NEGRO ROM

NEGRO ROM
INICIATIVA QUE RECONHECE A DIFERENÇA

domingo, 10 de janeiro de 2010

Uma Viagem em Busca do Novo


Como surgem as boas idéias? Eis uma pergunta da qual todo escritor gostaria de ter a resposta. Não só a resposta, mas porque não, um esquema simples, uma receita onde se mistura tudo, coloca no forno e... Pronto! Mais uma idéia quentinha, inédita, pronta para ser saboreada.

Uma pena. Nunca existirá uma receita assim. Certamente as boas idéias existem em algum lugar, em alguma realidade distante, e repentinamente somos surpreendidos. Alguns dizem que a hora do banho é sagrada. O banheiro, em geral, é considerado um excelente reduto para as boas idéias. Num momento de ócio somos surpreendidos com pensamentos, visões, sonhos e subitamente percebemos: “Isso pode dar uma história interessante. Vou escrever isso”. E se não escrever... Pode ter certeza, em instantes esquecerá e terá perdido uma dádiva oriunda de um mundo ainda pouco conhecido.
Certa vez percebi que a busca pelo ineditismo é traiçoeira. Pode fazer de um escritor promissor, uma promessa de mediocridade. Lembro-me bem, quando era um leitor compulsivo de revistas em quadrinhos, de uma reunião objetivando a criação de uma história totalmente nova, do tipo “você nunca viu nada parecido antes” (esse era o nosso lema, dito e repetido incontáveis vezes).
A equipe: eu e um amigo desenhista. Ambos escreveriam a história, ele desenharia. Eis um resumo do diálogo:

- Temos que escrever algo novo.
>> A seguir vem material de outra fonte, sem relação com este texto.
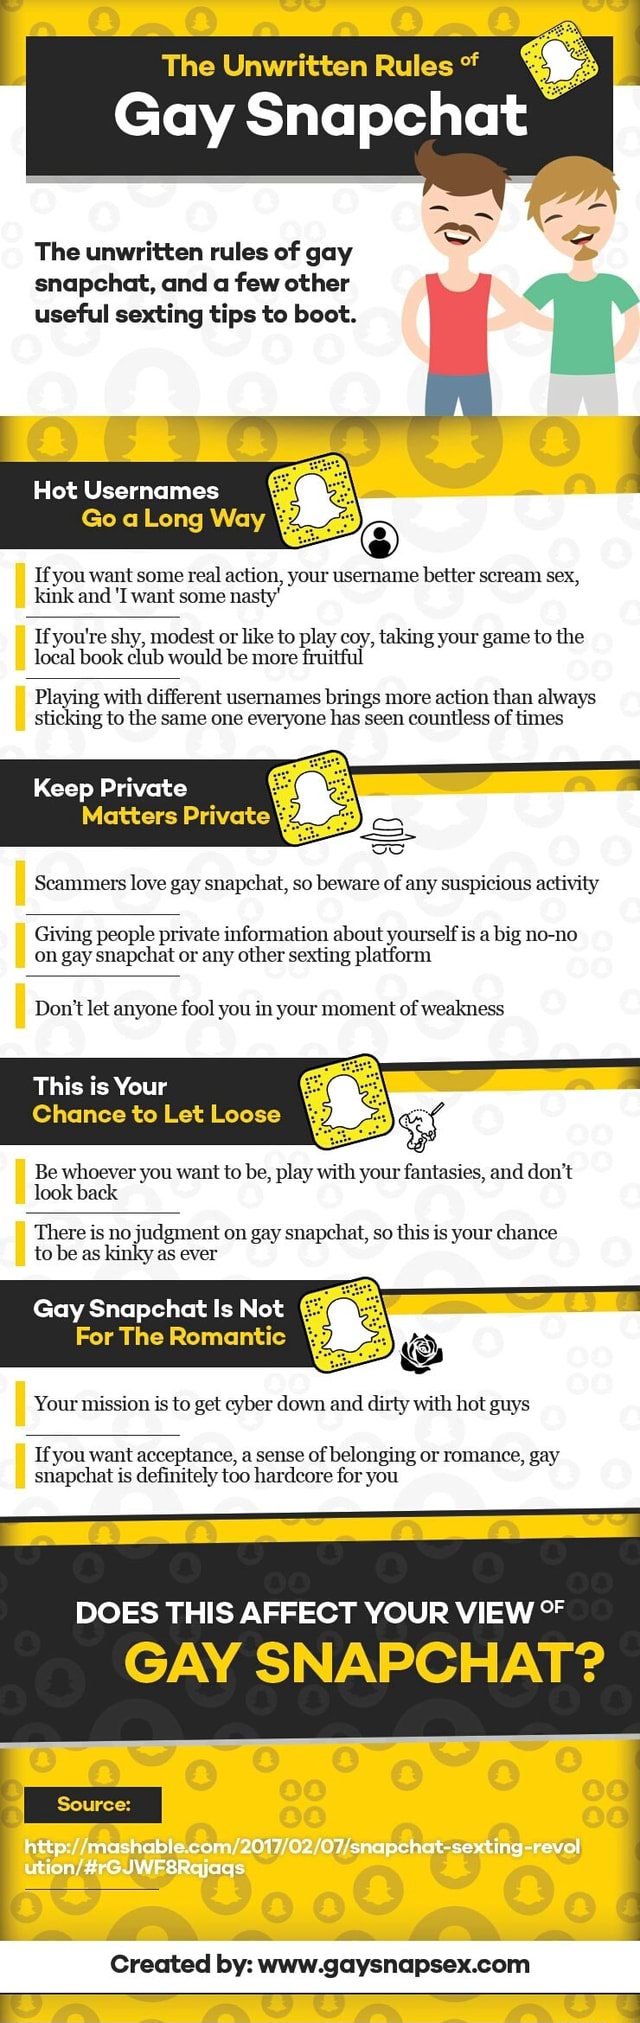 18 yo gay snapchat users

Nunca visto antes. Nunca lido antes.
- É verdade. Não podemos abdicar disso.
- Então vamos lá... Esse negócio de super-herói... Temos que tomar cuidado. Você vê... É tudo igual.
- É... Tudo com aqueles uniformes extravagantes...
- Você vai querer escrever sobre super-herói?
- Não sei... Eu estava pensando em escrever algo totalmente novo...
- Eu também...
- E super-herói... Todo mundo escreve sobre super-herói!
- É verdade, o próprio conceito de super-herói... É algo já desgastado, batido.
- Então chegamos num consenso... Nada de super-heróis.
- A gente vai falar sobre o quê... Vejamos...
- Podemos falar sobre pessoas... Não sei...
- Pessoas? Falar sobre pessoas é algo que todo mundo faz... Você quer dizer algo tipo Seinfeld, né?!
- Confesso que sim...
- Tá vendo. É fogo, é difícil mesmo escrever algo novo...
- É... É difícil... Tem que ser algo diferente.
- É... Algo que ninguém nunca viu antes!
- Pessoas a gente vê toda hora... O próprio conceito de pessoas...
- Engraçado... Eu tava pensando nisso agora!
Ambos riram.
- Não podemos escrever sobre pessoas...
- Nem sobre alienígenas!
- É... Alienígenas são criações de pessoas...
- Podem existir...
- Mesmo se não existem concretamente, no imaginário das pessoas...
- É difícil...
- Eu falei que ia ser fogo...
- As formas humanóides não servem... Lembram seres humanos. Lembram a vida terrena... Um tema desgastado! A vida em planetas é um tema desgastado em si...
- Eu pensei nisso... Mesmo se criássemos vida em outro planeta... É tolo!
- Não pode ser planeta... Nem vida... Acho que o caminho é criarmos outros seres, com outros sentidos... Outra forma.
- Criar um sentido... Vejamos...
- Porque se criarmos um ser que tem visão, é meio humano, animal.
- Criar sentidos é algo meio além da minha imaginação... Minha mente não alcança...
- Aí, essa agora... Senti que esse é o caminho! Levar a mente ao inalcançável!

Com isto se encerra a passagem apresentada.